Ni por imperativo ministerial
No olvidemos que la navegación en la segunda mitad del siglo XIX adolecía de bajos niveles de seguridad y que los naufragios eran frecuentes. Uno de ellos fue el del vapor MIÑO que se saldó con 64 muertos de las 85 personas que iban a bordo (naviera Tintoré, estrecho de Gibraltar, 1856). Un año después se hundió el vapor CENTRAL AMÉRICA en la costa de Carolina del Sur, ocasionando 425 muertos y la crisis económica de 1857 porque en sus bodegas transportaba 21 toneladas de oro. Y en 1870 murieron 482 marinos en Finisterre al naufragar por mal tiempo el CAPTAIN, de la Armada británica. En aquellos tiempos el ojo Samuel Plimsoll (disco de máxima carga) justo se empezaba a extender en Gran Bretaña (1876) marcando, previo al TITANIC, un antes y después en la seguridad marítima.
Además, la naviera López tuvo buen cuidado en el transporte de municiones y explosivos, mercancía que, por ejemplo, provocó la detonación y hundimiento del vapor mercante sardo GÉNOVA en el puerto de Málaga (24.11.1859), al poco de ser fletado para la guerra de África; y la enorme tragedia desencadenada en la ciudad de Santander por la deflagración en su puerto de la dinamita que cargaba el vapor CABO MACHICHACO de la naviera Ybarra (03.11.1893). Algún mérito tendría el armador López en que sus barcos transportasen sin percances este peligroso material. Hasta daba lecciones de seguridad a los mandos de la Armada cuando le exigían cargar sin miramientos explosivos para la guerra de Cuba conforme, según ellos, a los Art. 43 y 44 del contrato de la línea-correo a las Antillas: “La Casa López no puede embarcar la pólvora porque está en envases de madera… sacos de lona” y propone enviarla en barcos de vela sin grandes gastos (seguros, portuarios) y con menores riesgos (16.06.1975). El naviero cántabro era inflexible en temas de seguridad y de legalidad. Ni por imperativo ministerial.

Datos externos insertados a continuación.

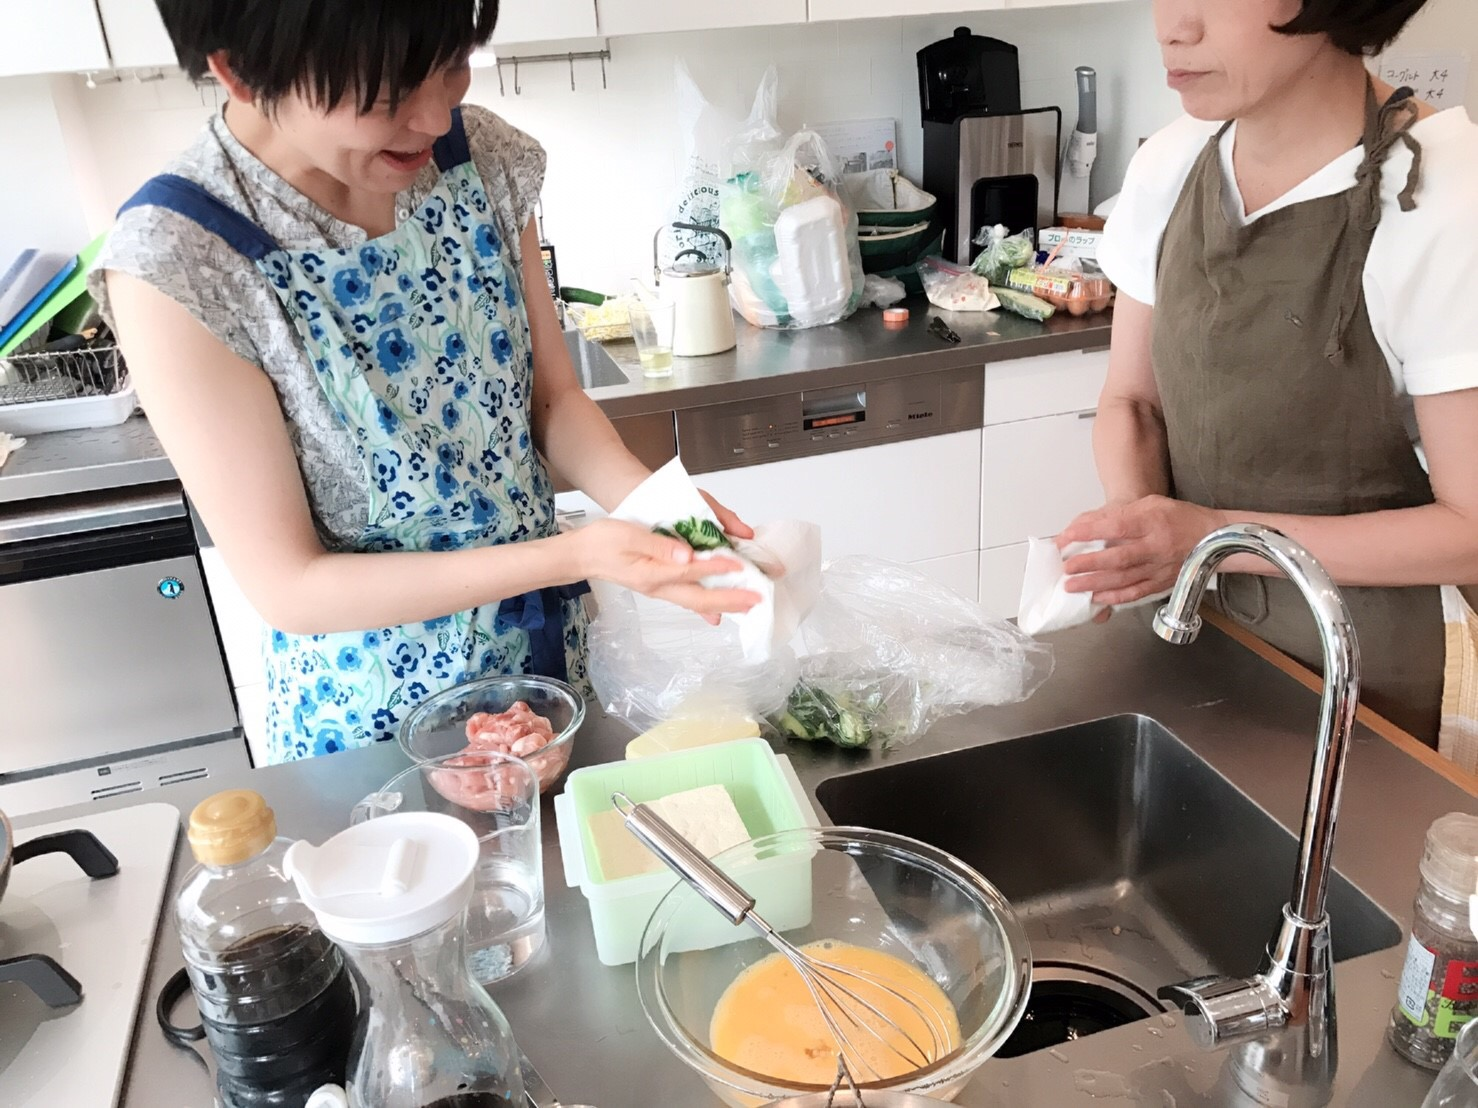 a-ta-sante糖質制限パン料理教室。7月度『糖質制限家庭料理教室』プライベートレッスン、大盛況で終了。阿倍野区西田辺。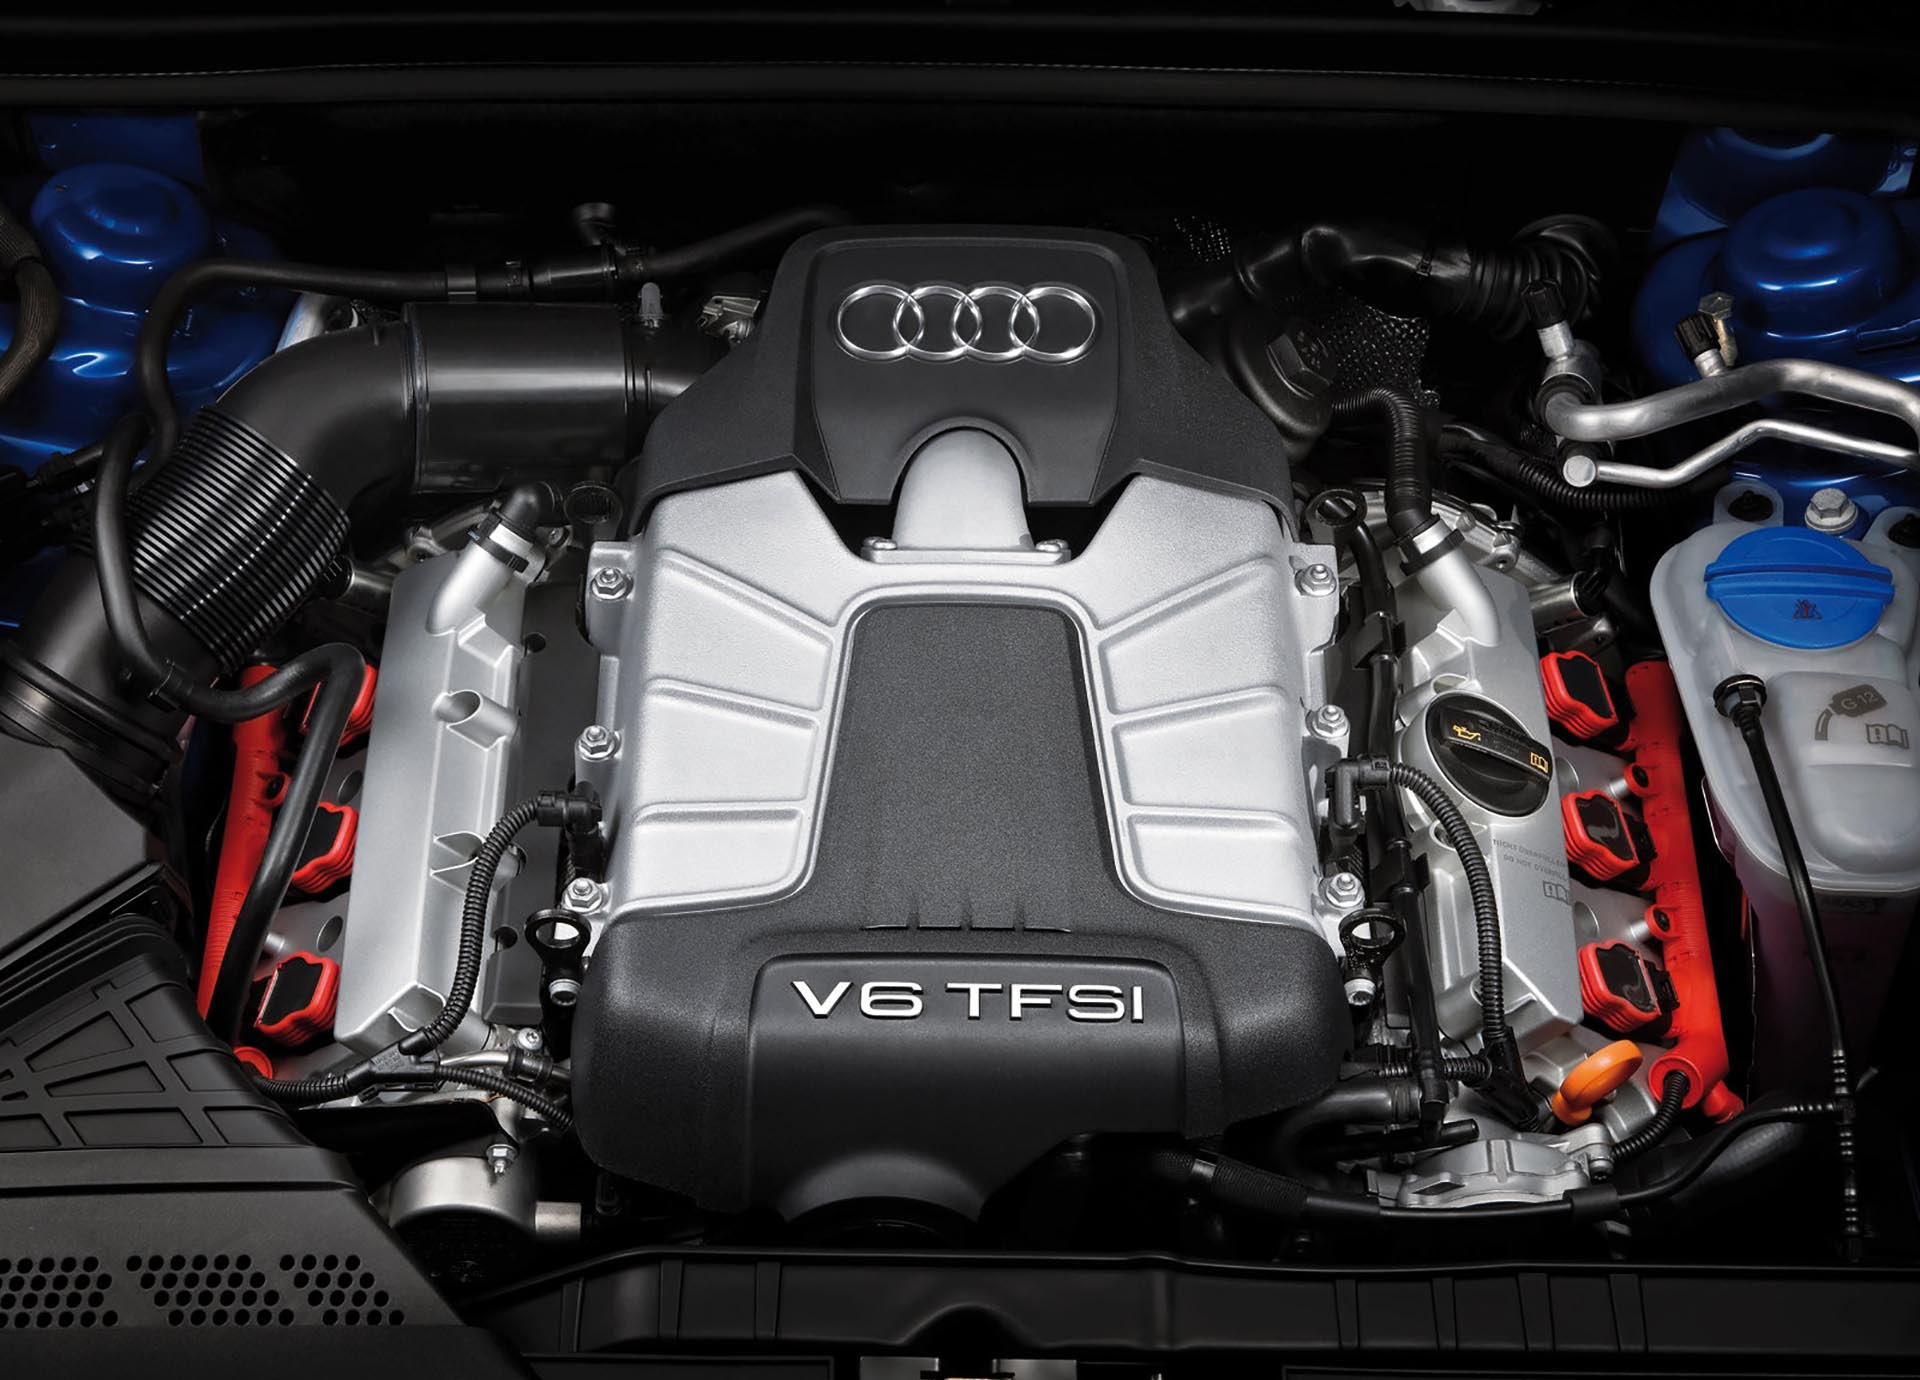 01_B8 Audi S4 3.0t TFSI engine

En otra ocasión, el ministerio de la Guerra pidió a Antonio López que indicase el sistema de empaque para efectuar el envío de pólvora en sus vapores. El naviero le respondió que eso no era posible en los buques-correo con pasajeros, correspondencia, objetos de valor y con limitaciones para el atraque/fondeo, que para algo estaban los barcos de guerra con sus pañoles especiales. Además, el armador les recordó que, conforme al Derecho marítimo, el transporte de explosivos obligaba a ondear la bandera roja, la cual era incompatible con el pasaje a bordo, y no iba a hacer a escondidas ese peligroso servicio. (18.08.1875)
Antonio López participó en el esfuerzo bélico, sin saltarse las leyes, con transportes especiales para llevar a Cuba artillería: cañones, obuses, montajes, granadas, espoletas… Su contribución implicaba también aportar soluciones. Fue el caso al transportar grandes e inmanejables cañones fabricados en Trubia (Asturias) a pesar de las limitaciones de calado para su embarque en Gijón y su desembarque en San Juan de Puerto Rico. Su autoexigencia respecto a la seguridad explica su impecable historial de naviero exento de grandes tragedias humanas.
López salió indemne de los desastres humanos. ¿Suerte? No sólo. Detrás de este logro en seguridad marítima debió haber por fuerza un alto grado de profesionalidad que Alharilla tira por la borda con tal de desbaratar la labor del naviero más destacado que ha tenido la marina mercante española. Ignora que la prioridad en el mar es la seguridad de la vida humana; por el contrario, resalta aquí un robo, allá una demora, cuando no los extravíos de correspondencia. Debió haber estudiado a este armador sin prejuicios y asesorado por marinos y por conocedores del comercio marítimo.